An exercise from Lang.
Let $k$ be a field. Let $n$ be a nonnegative integer.
Consider the polynomial $x^{p^n}-a \in k[x]$.
Assume that $\text{char}(k) = p > 0$.
Prove that either the polynomial $x^{p^n}-a$ is irreducible over the field $k$ or there exists $b\in k$ such that $a = b^p$.
How to prove this statement? I am a little bit confused with this statement.
On
Rename the field $k$ as $K$. Rename the indeterminate $x$ as $X$. Thus we must prove that either the polynomial $X^{p^n}-a$ is irreducible over $K$ or $a$ is a $b$-th power.
In an extension field of $K$, if $b$ is a root of $X^{p^n}-a$, then $(X-b)^{p^n}=X^{p^n}-b^{p^n} =X^{p^n}-a$. Therefore, any proper monic factor of $X^{p^n}-a$ is $(X-b)^k$ where $0<k<p^n$. If $(X-b)^k$ has coefficients in $K$, then $b^k\in K$. But as $b^{p^n}=a\in K$, then $b^g\in K$, where $g=\gcd(k,p^n)$. Then $g=p^m$ where $0\le m\le n-1$, and this implies $b^{p^{k-1}}\in K$, and that's a $p$-th root of $a$.
One side:
If $a=b^{p}$ for $b\in k$ then: $$x^{p^{n}}-a=x^{p^{n}}-b^{p}=\left(x^{p^{n-1}}-b\right)^{p}$$ showing that the polynomial is not irreducible.
Let $k^{\mathbf{a}}$ denote an algebraically closed fied that contains $k$ and is algebraic over $k$.
Let it be that $\alpha\in k^{\mathbf{a}}$ is a root of $x^{p^{n}}-a$.
Then $\alpha^{p^{n}}-a=0$ so that $x^{p^{n}}-a=x^{p^{n}}-\alpha^{p^{n}}=\left(x-\alpha\right)^{p^{n}}$.
This reveals that polynomial $x^{p^{n}}-a$ has only one root in $k^{\mathbf{a}}$.
The other side:
For convenience define $f\left(x\right):=x^{p^{n}}-a$ and let $g\left(x\right)\in k\left[x\right]$ denote the minimal polynomial of $\alpha$.
Then $f\left(x\right)=g\left(x\right)^{m}h\left(x\right)$ for some positive integer $m$ and some $h\left(x\right)\in k\left[x\right]$.

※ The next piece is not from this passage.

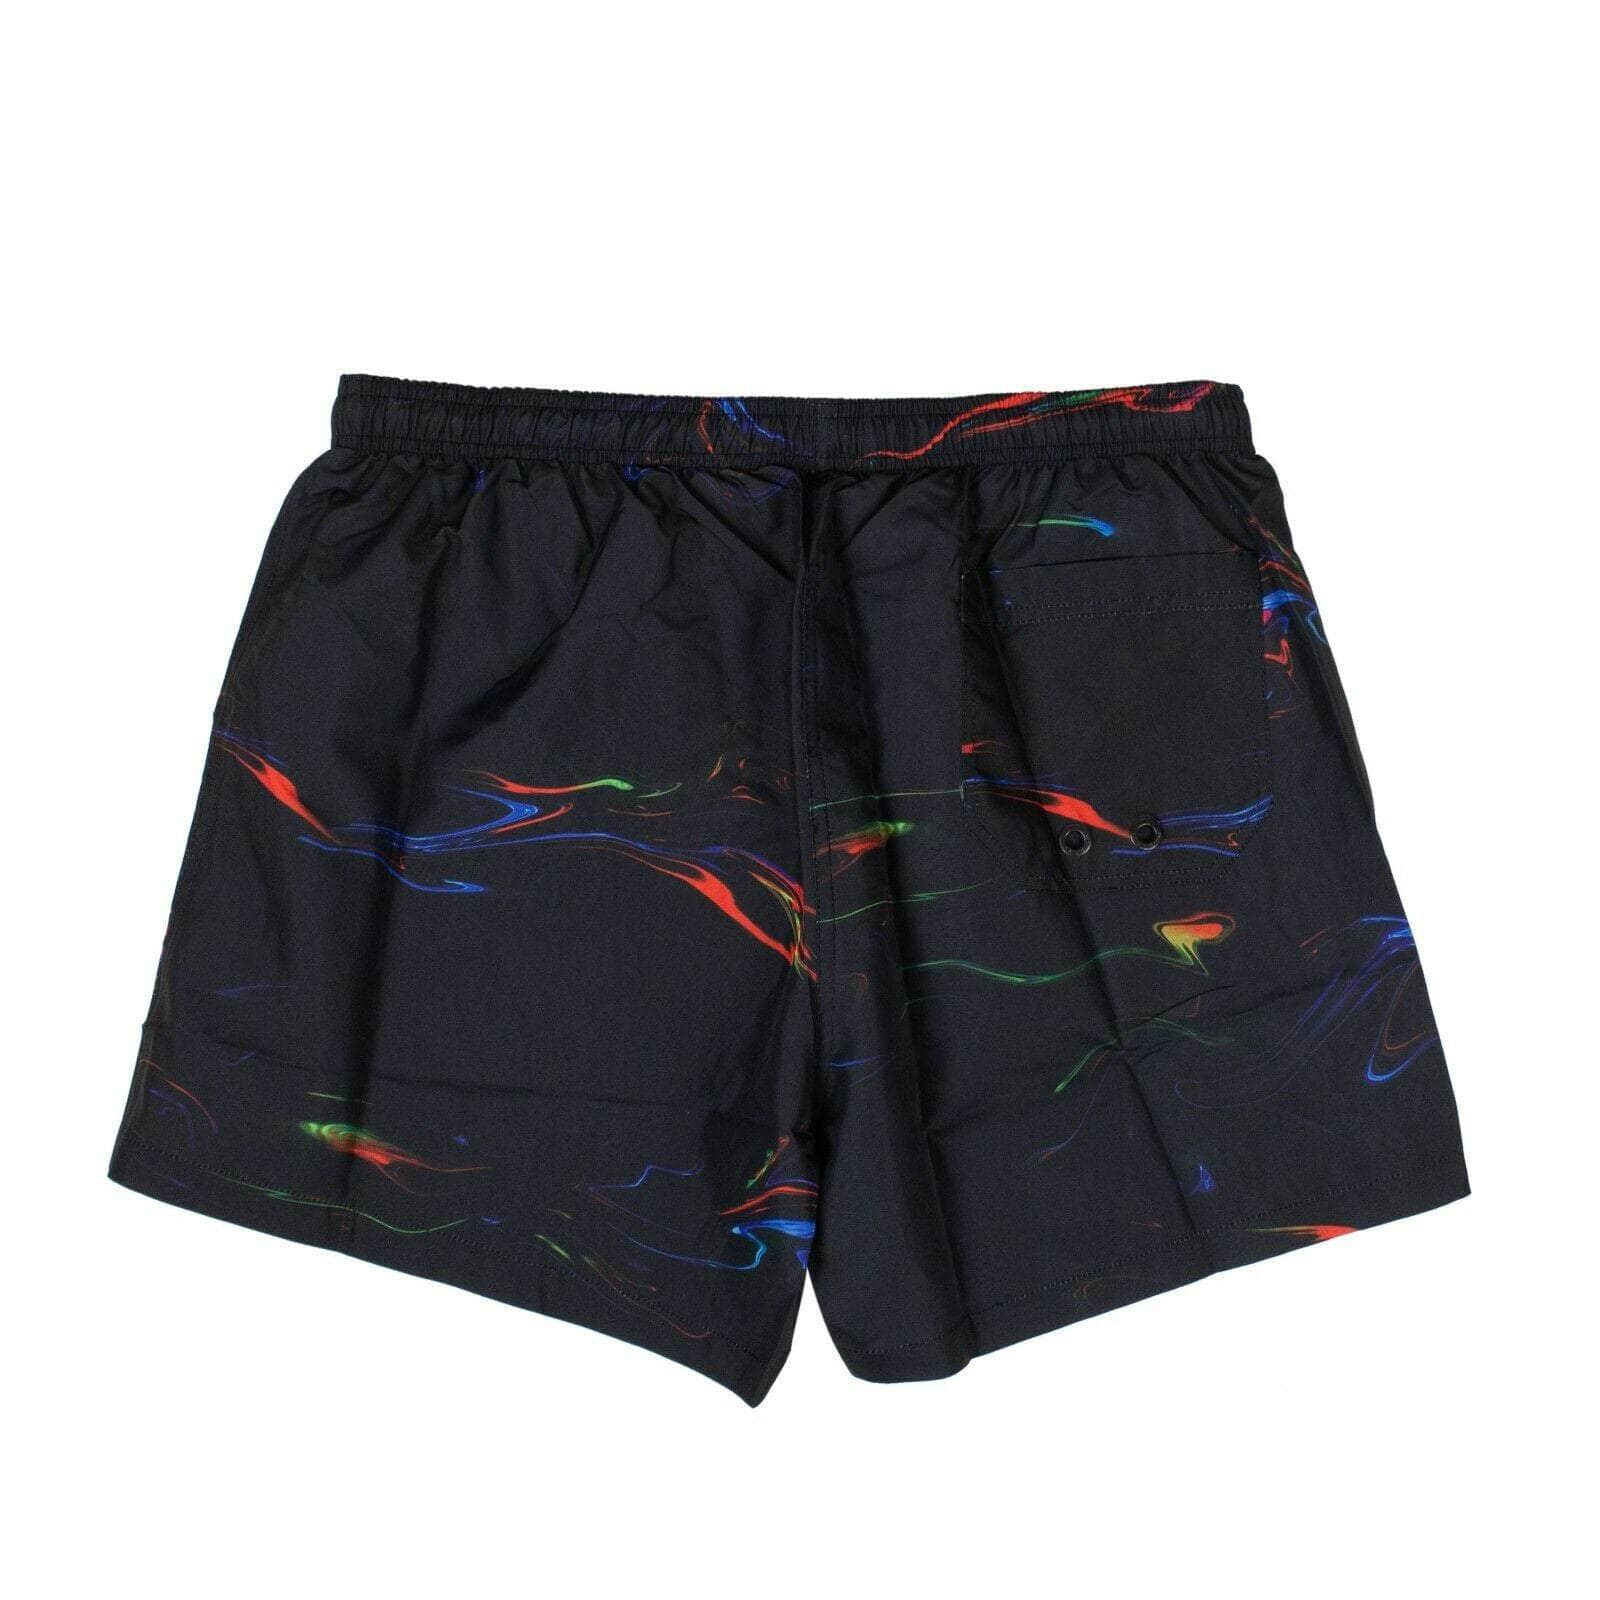 Marcelo Burlon chicmi, couponcollection, gender-mens, july4th, main-clothing, marcelo-burlon, marcelo12, MBUP, mens-bathing-suits, mens-shoes, size-xxs, under-250 XXS Polyester 'All Over Lights' Beach Shorts - Black 74NGG-MB-1122/XXS 74NGG-MB-1122/XXS

Taking $m$ maximal $g\left(x\right)$ will not divide $h\left(x\right)$ so that $\alpha$ is not a root of $h\left(x\right)$. But $\alpha$ is the only candidate for being a root of $h\left(x\right)$ so we conclude that $h\left(x\right)$ has no roots at all. This allows the conclusion that: $$f\left(x\right)=g\left(x\right)^{m}$$ If $d$ denotes the degree of $g$ then $md=p^{n}$ showing that $m$ and $d$ are both powers of $p$. So nonnegative integers $u,v$ exist with $u+v=n$, $d=p^{u}$ and $m=p^{v}$. Then: $$x^{p^{u}}-\alpha^{p^{u}}=\left(x-\alpha\right)^{p^{u}}=g\left(x\right)\in k\left[X\right]$$ Proved is now that $\alpha^{p^{u}}\in k$.
If $f$ is not irreducible then $p^{v}=m>1$ so that $v\geq1$.
Defining $b:=\alpha^{p^{n-1}}=\left(\alpha^{p^{u}}\right)^{p^{v-1}}\in k$ we find:
$$a=\alpha^{p^{n}}=b^{p}$$